- Born: 1957 (age 68–69) Dublin, Ireland

Academic background
- Education: Trinity College Dublin (BA) Northwestern University (MA, PhD)

Academic work
- Institutions: University of Oxford
- Doctoral students: Ronan Farrow
- Main interests: American government
- Notable works: Making Americans, In the Name of Liberalism

= Desmond King (professor) =

Irish-American professor on government (born 1957)

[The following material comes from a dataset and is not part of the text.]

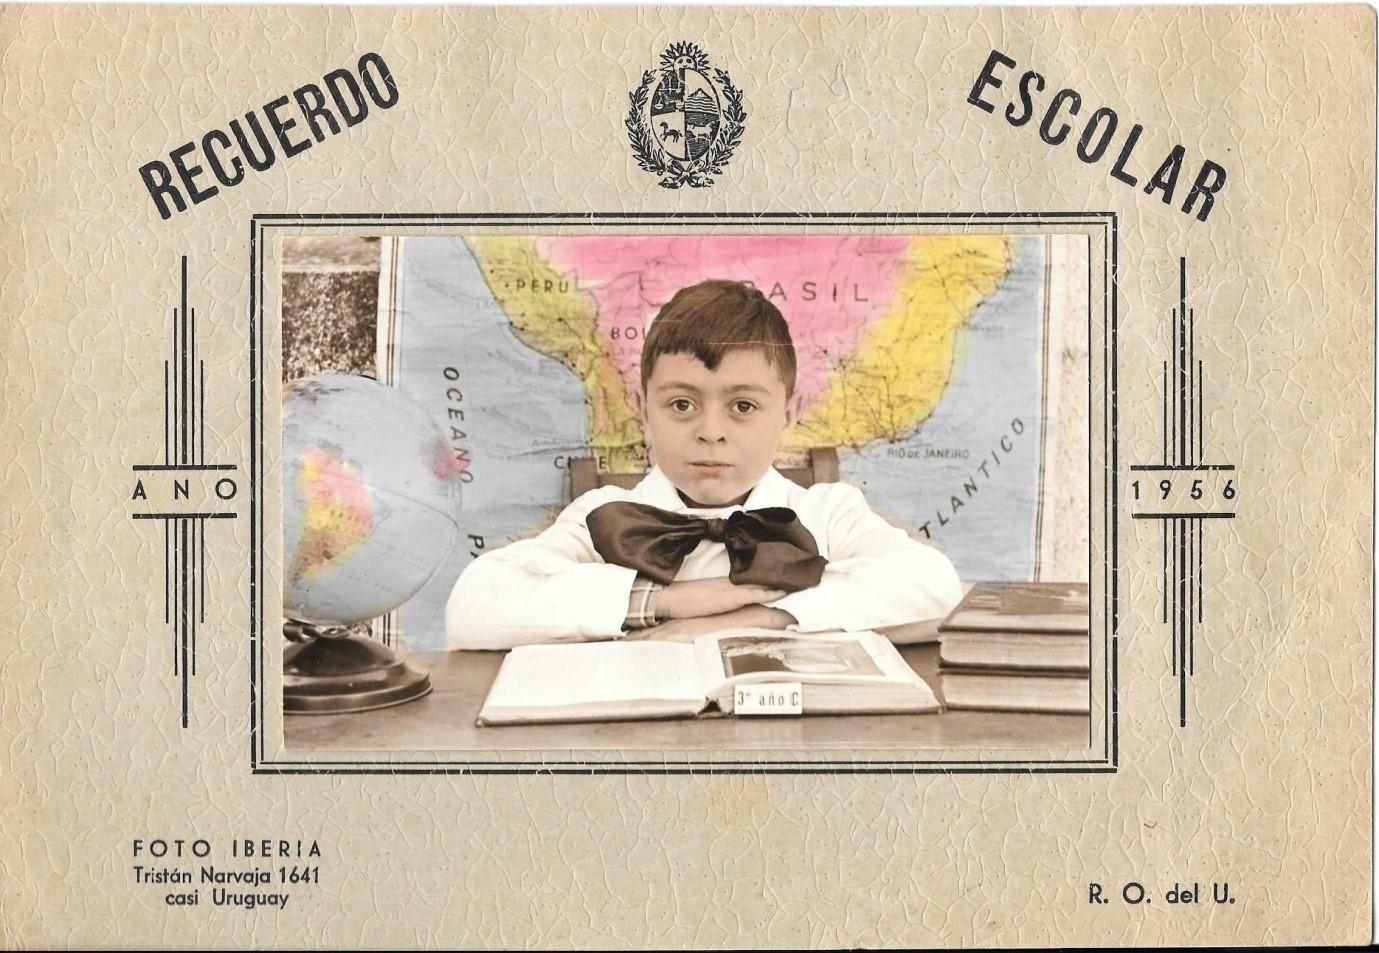 [Leon at the age of 8 in school uniform in Uruguay.]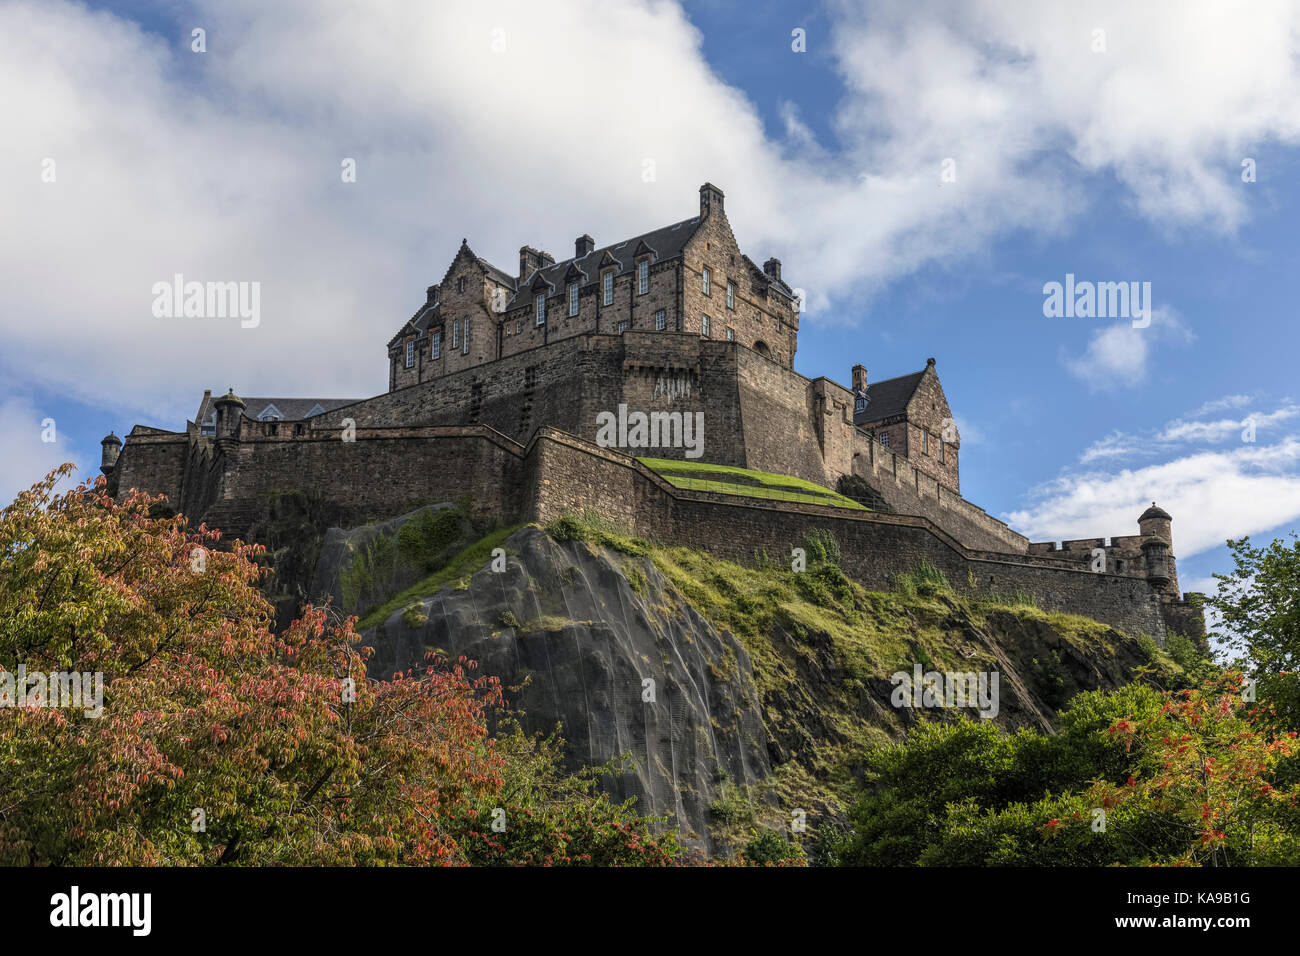 Edinburgh Firth Of Forth Stock Photos & Edinburgh Firth Of ...

Desmond King (born 1957) is the Andrew W. Mellon professor of American Government at Nuffield College, Oxford. King was elected to the American Philosophical Society in 2022. He was elected a Member of the National Academy of Sciences in 2025.

==Biography==
King grew up in Dublin and graduated from Trinity College Dublin with a first in political science and was awarded the Bastable Prize. He went on to carry out his postgraduate studies at Northwestern University, where he worked with Ted Robert Gurr, Alexander Hicks and Jane Mansbridge. He completed his M.A. and PhD at Northwestern, and was appointed as a lecturer at the University of Edinburgh, later moving to an Official Fellowship in Politics at St John's College, Oxford.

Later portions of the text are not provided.